SUPPLIED INFORMATION -

/---

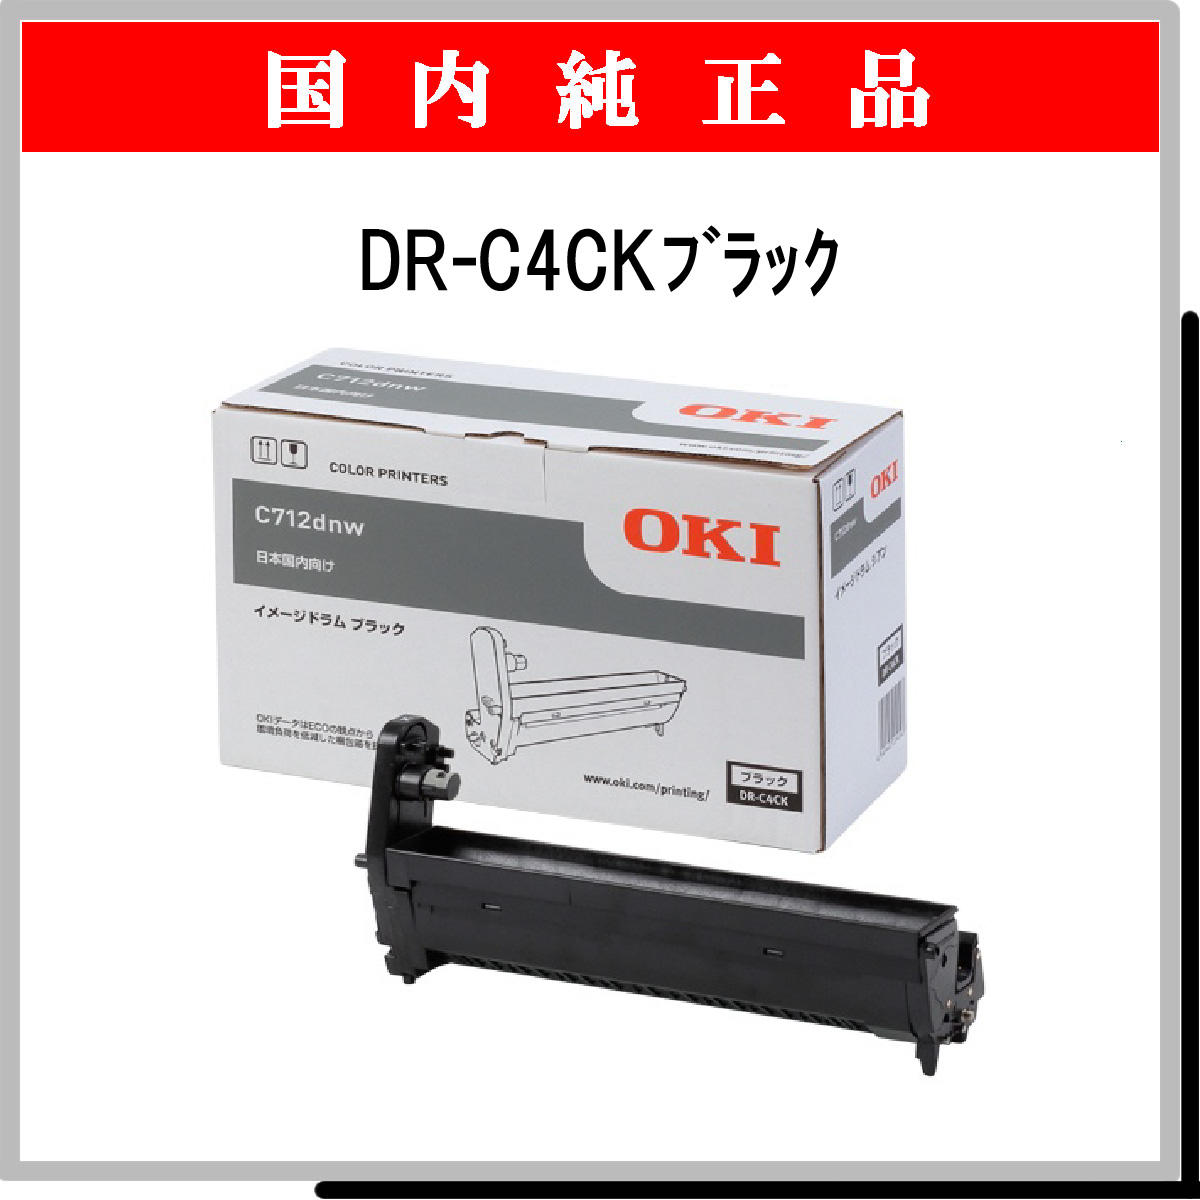 沖電気 OKI イメージドラム イエロー MC862dn-T   MC862dn   MC852dn ID-C3MY - 3
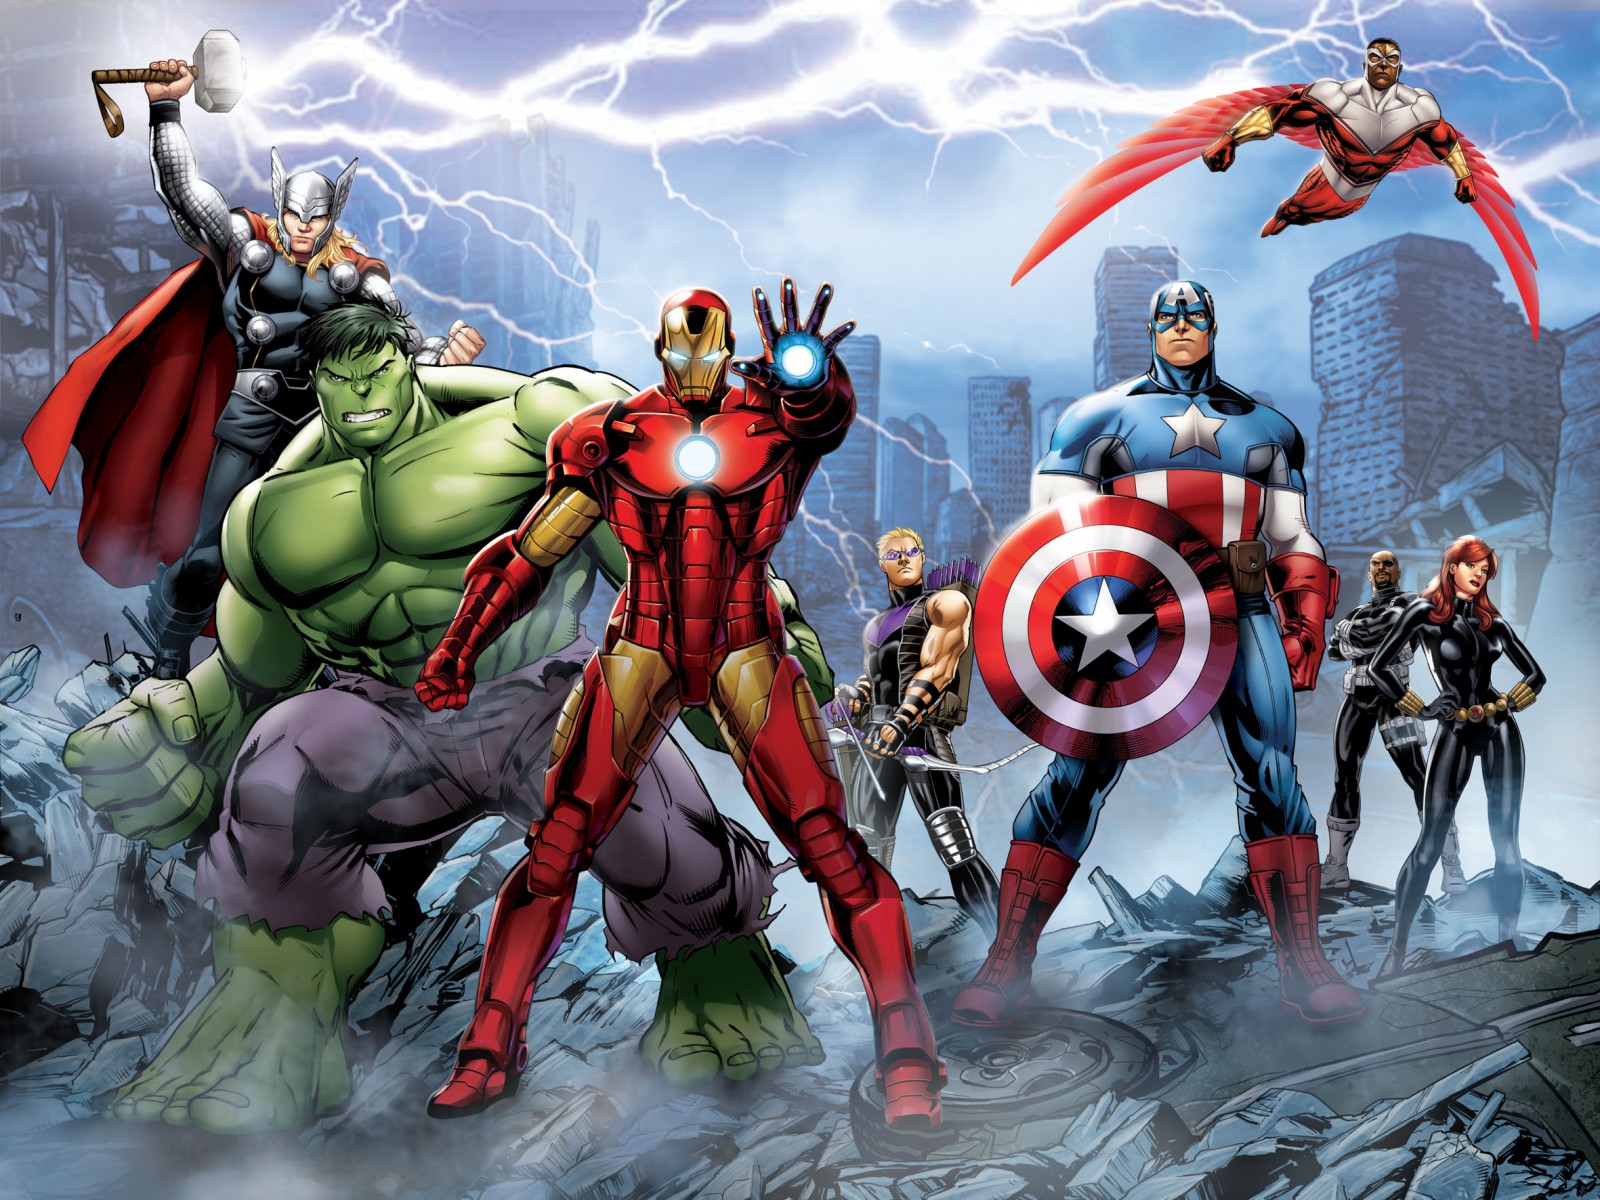 Xxl Photo Wallpaper Mural Marvel The Avengers Hulk - Painel Para Festa Vingadores , HD Wallpaper & Backgrounds
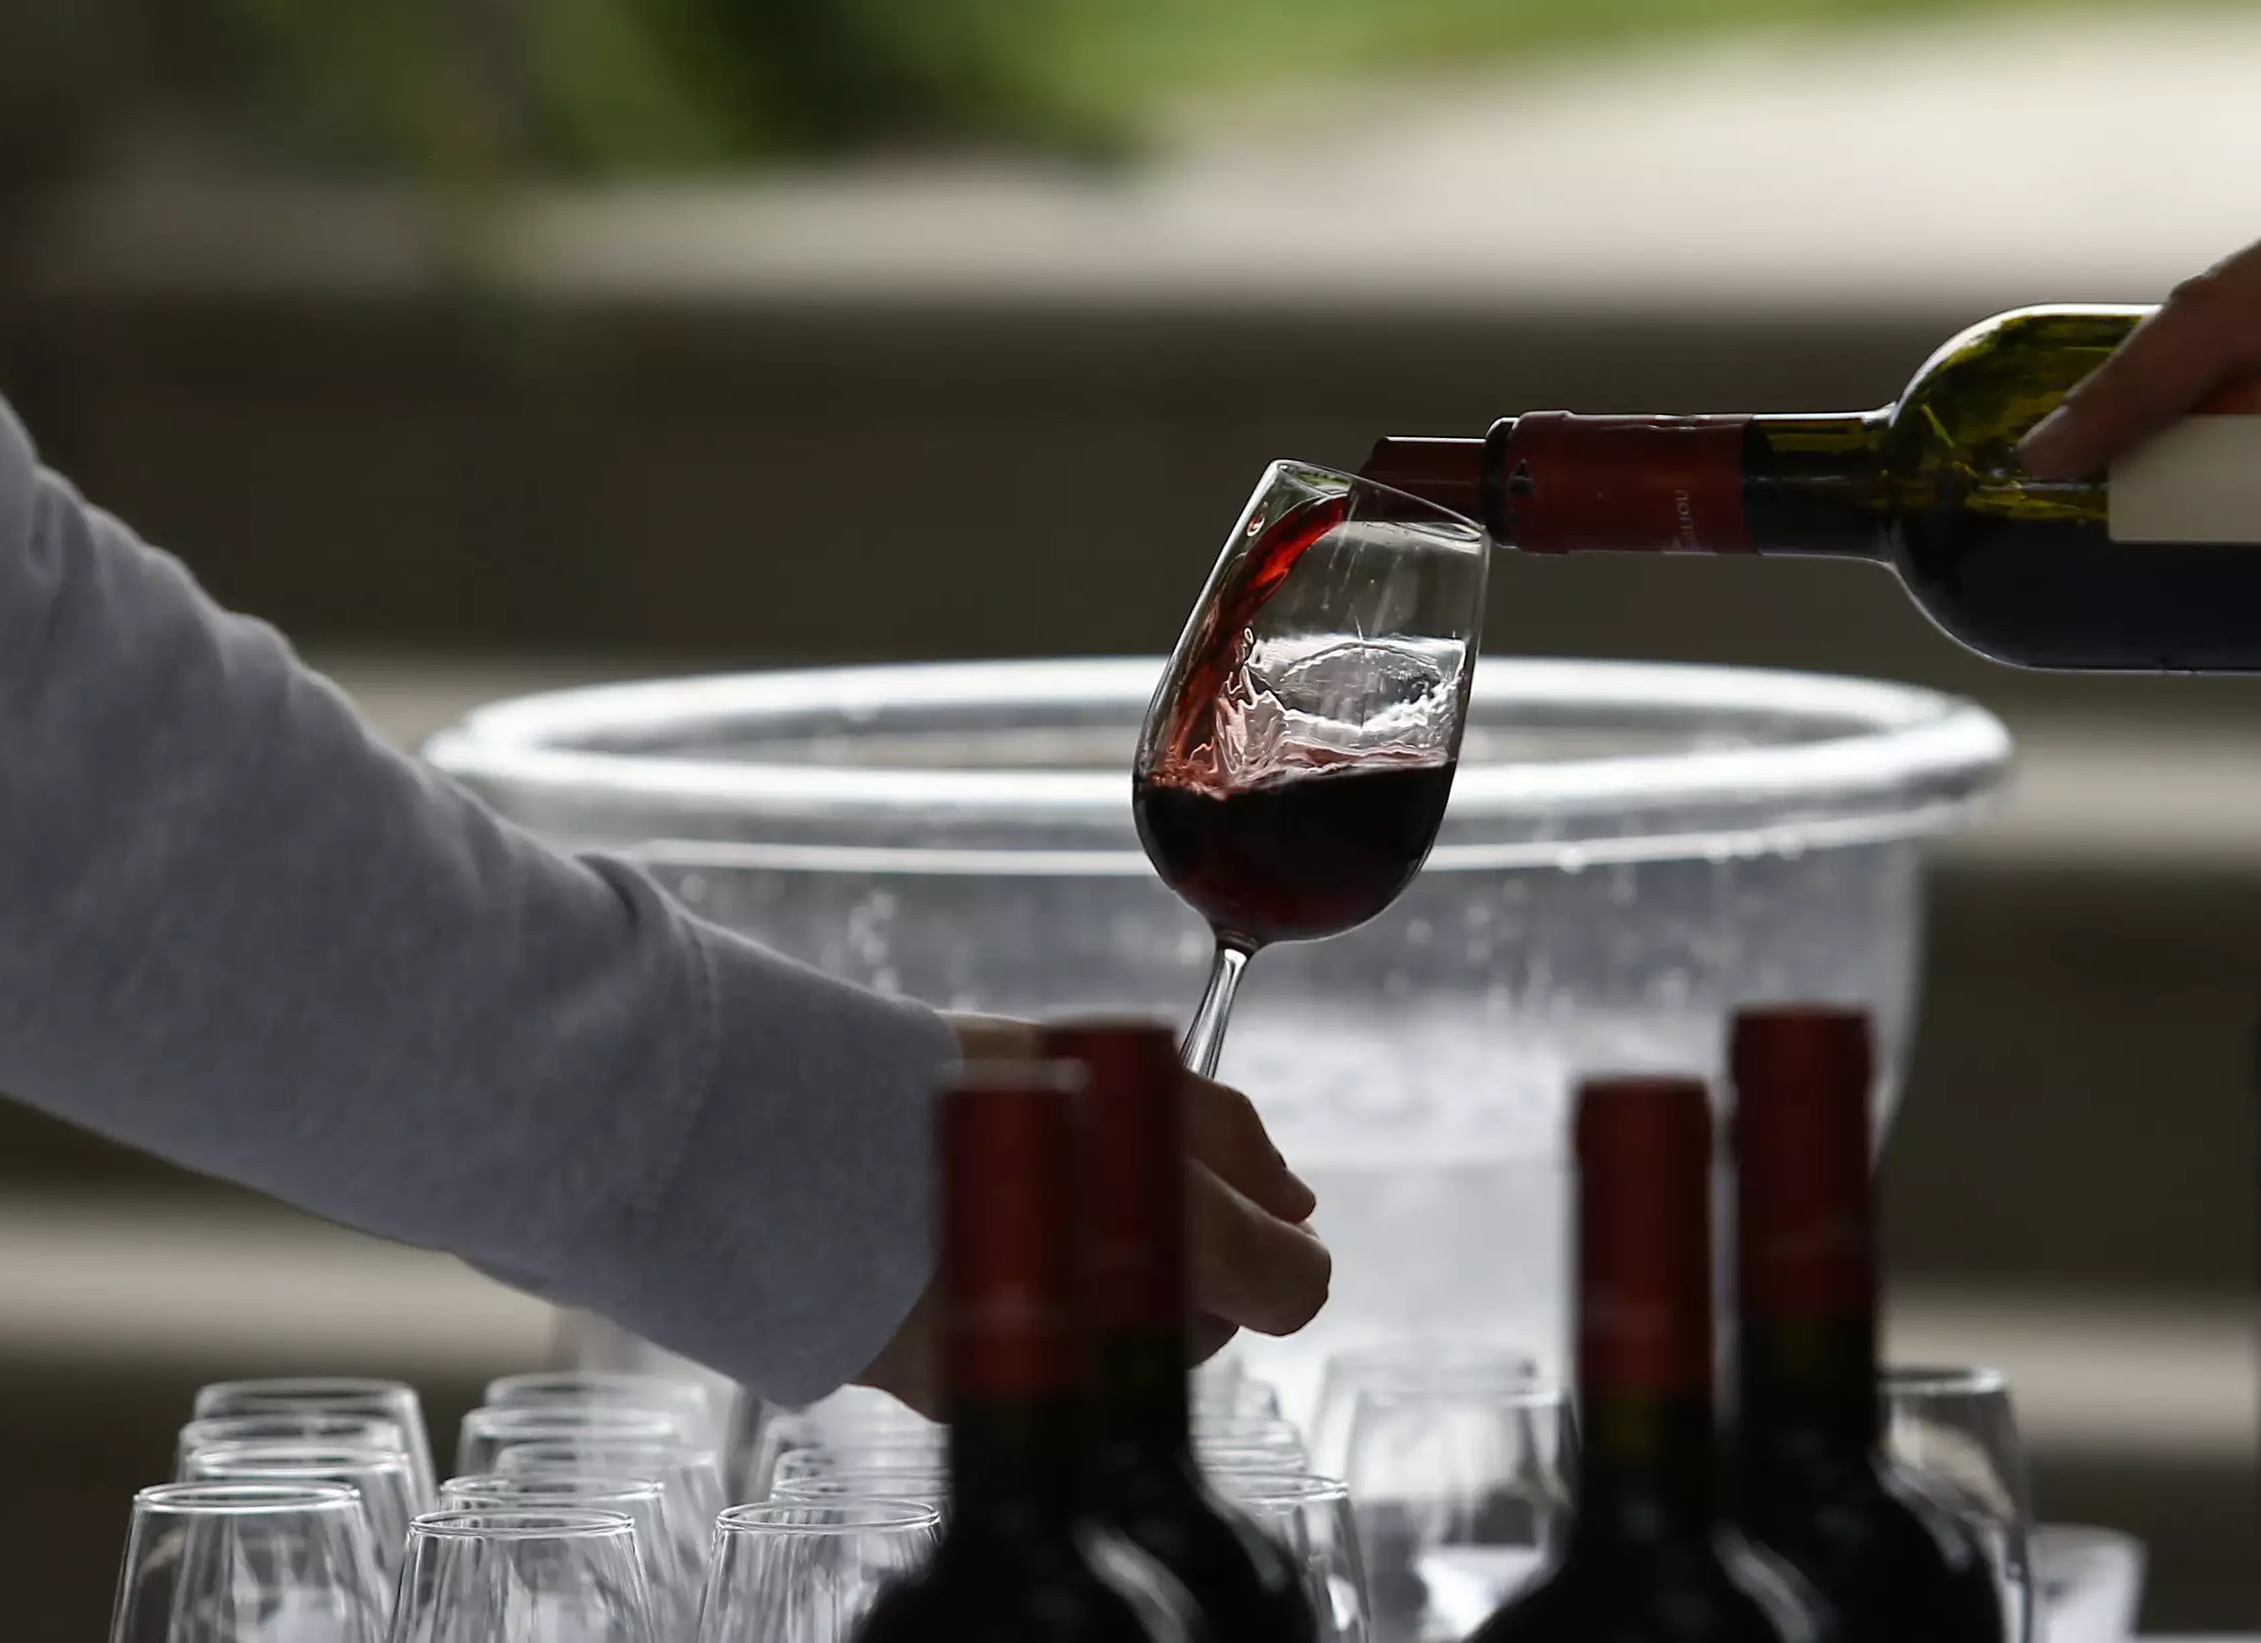 Οργή στην Ιταλία για την απόφαση της Ιρλανδίας να βάζει προειδοποιητικές ετικέτες για την υγεία στα κρασιά

\---

TASK DETAILS -
Could you transcribe the material above exactly, keeping every picture out?

RESPONSE FOR THIS EXERCISE -
 沖電気 OKI イメージドラム イエロー MC862dn-T   MC862dn   MC852dn ID-C3MY - 3
 Xxl Photo Wallpaper Mural Marvel The Avengers Hulk - Painel Para Festa Vingadores , HD Wallpaper & Backgrounds
 Οργή στην Ιταλία για την απόφαση της Ιρλανδίας να βάζει προειδοποιητικές ετικέτες για την υγεία στα κρασιά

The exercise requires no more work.